Copy down every line of the data that follows exactly. Omit the pictures.

# DATA BELOW:
================

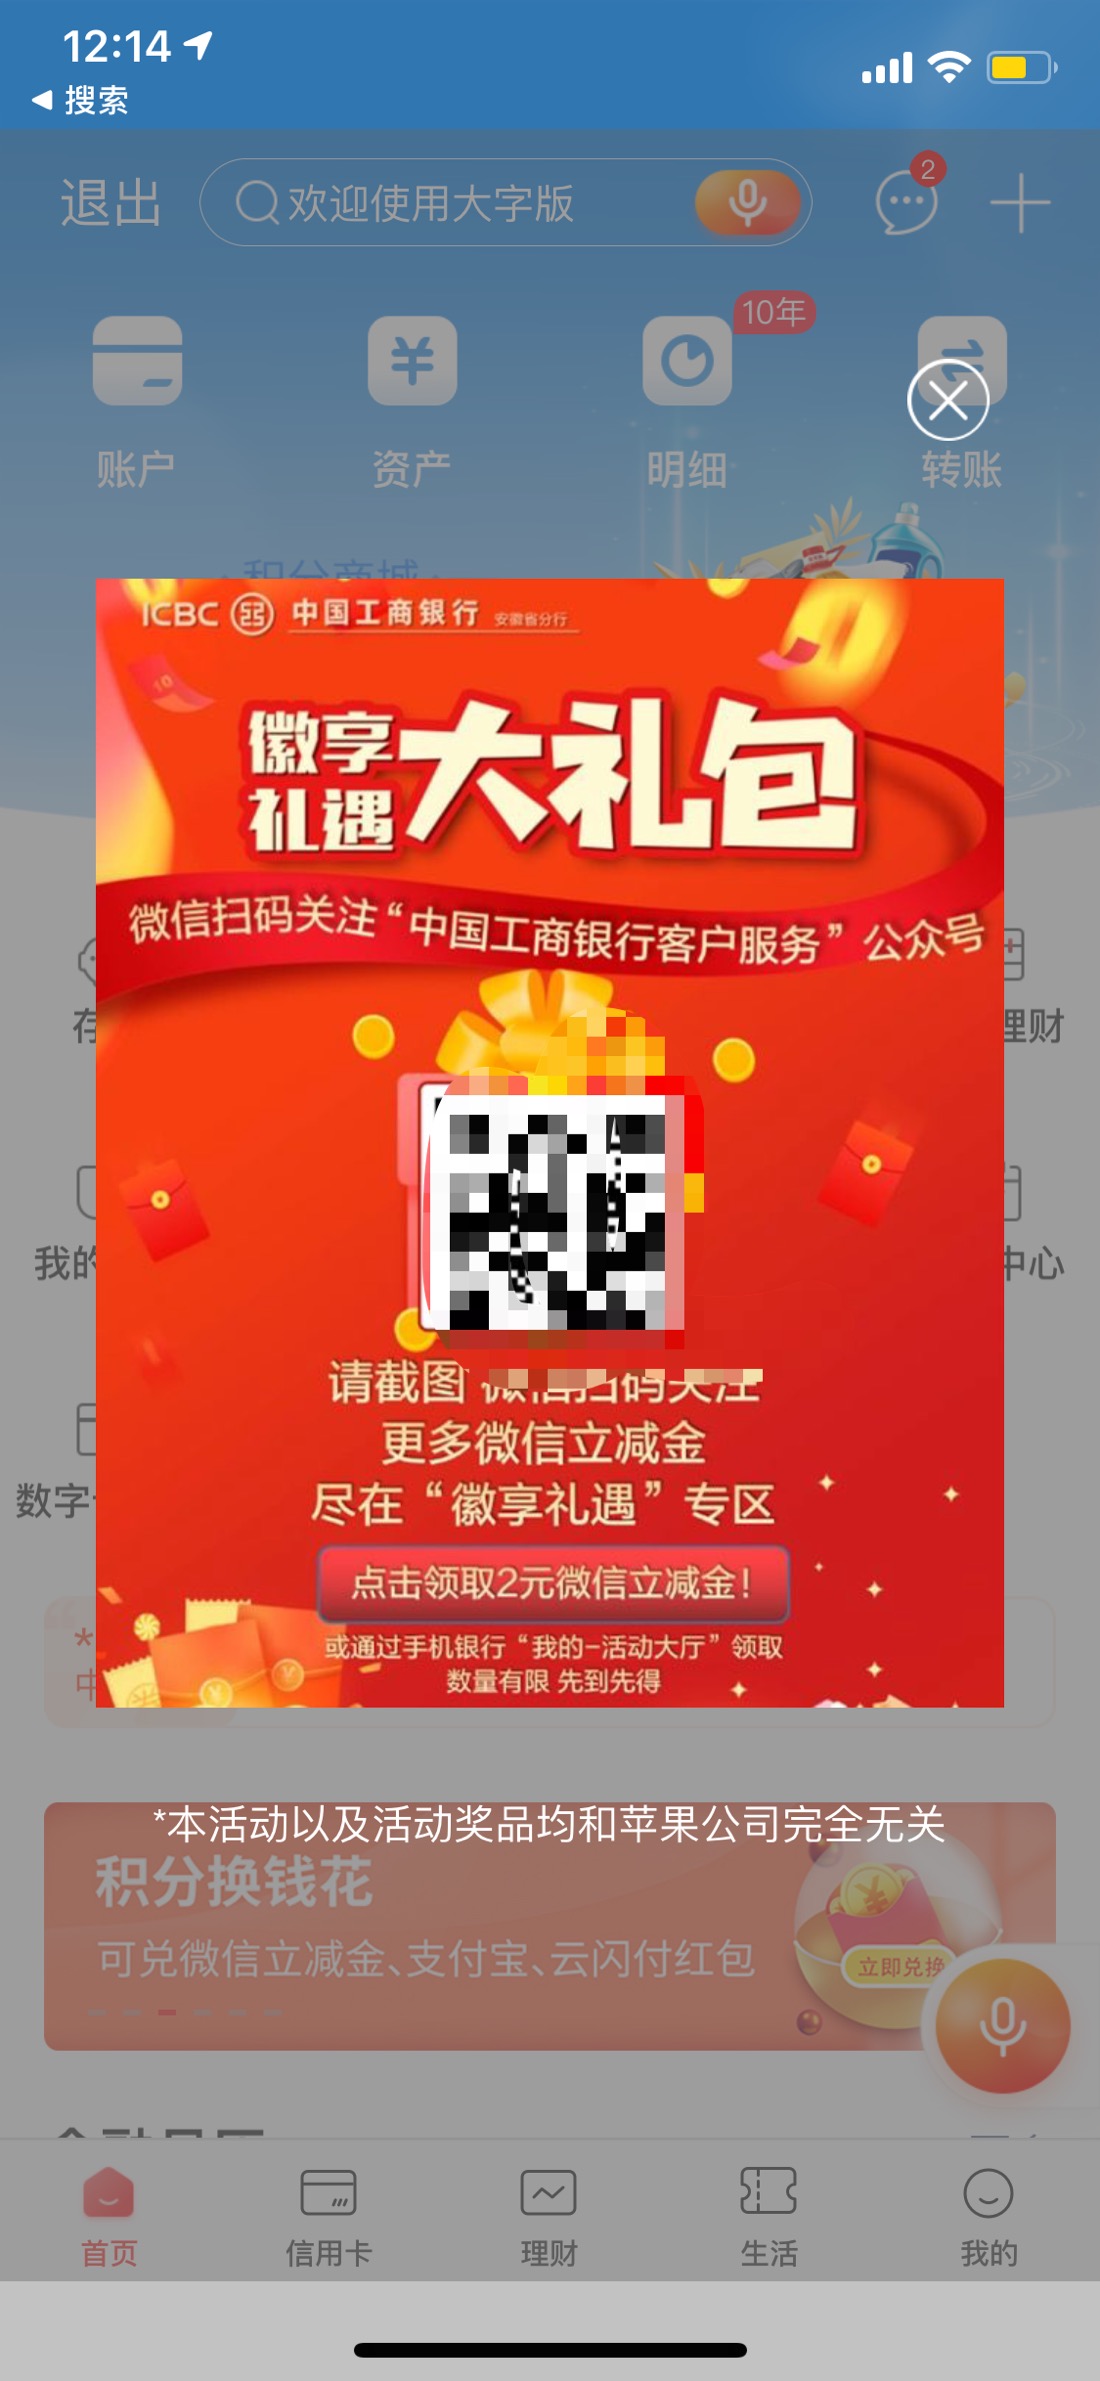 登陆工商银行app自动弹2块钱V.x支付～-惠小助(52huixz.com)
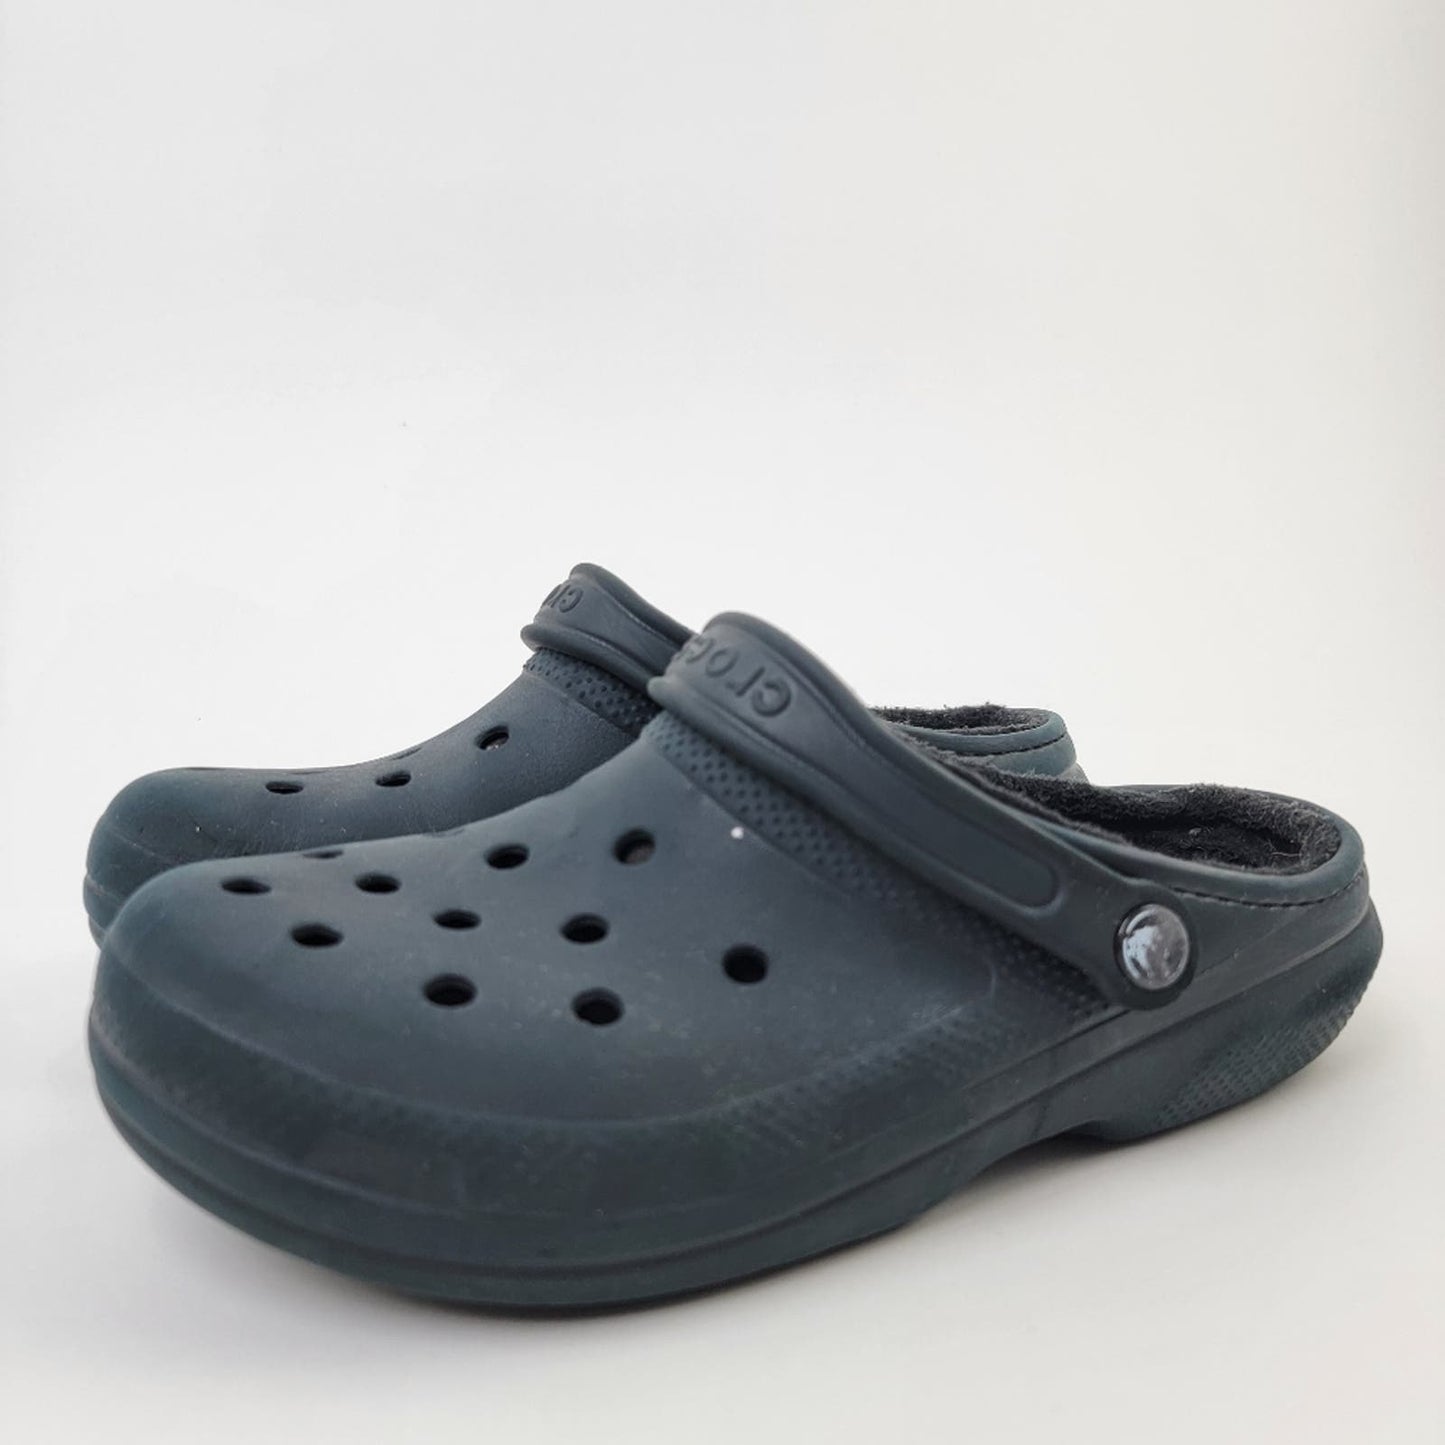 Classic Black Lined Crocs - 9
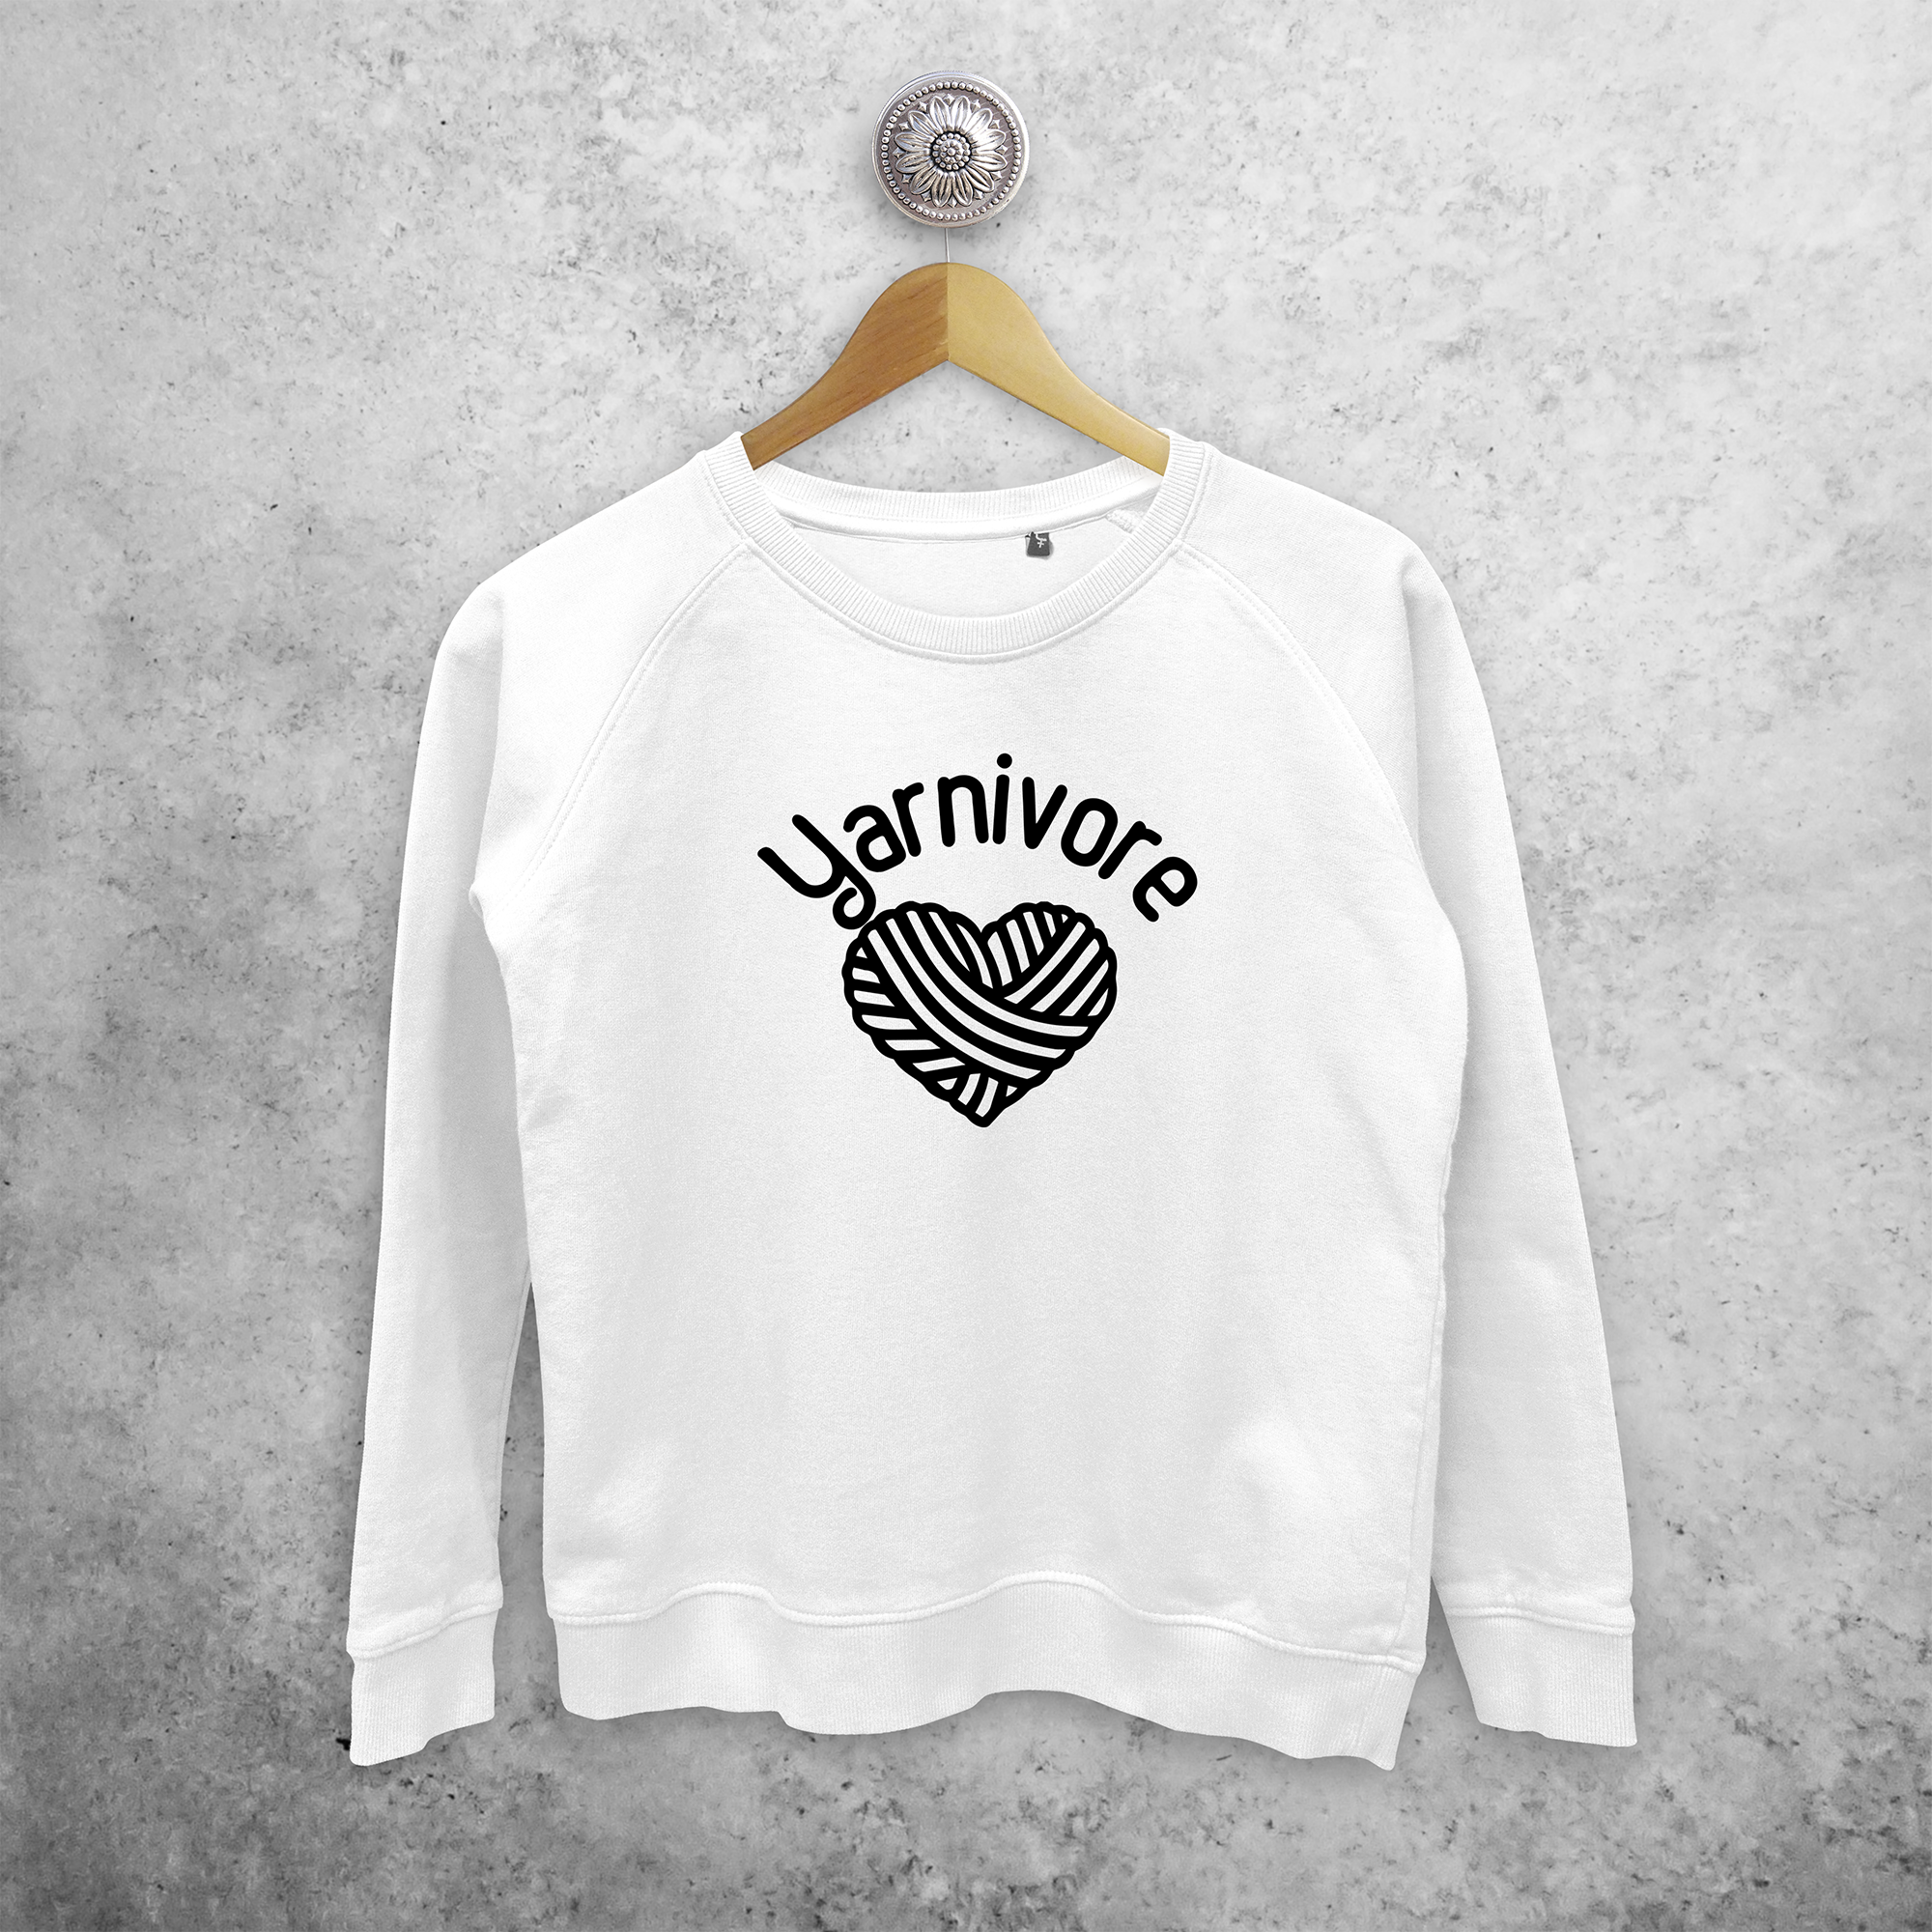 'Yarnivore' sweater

================

# YOUR RESPONSE:
 登陆工商银行app自动弹2块钱V.x支付～-惠小助(52huixz.com)
 Classic Black Lined Crocs - 9
 'Yarnivore' sweater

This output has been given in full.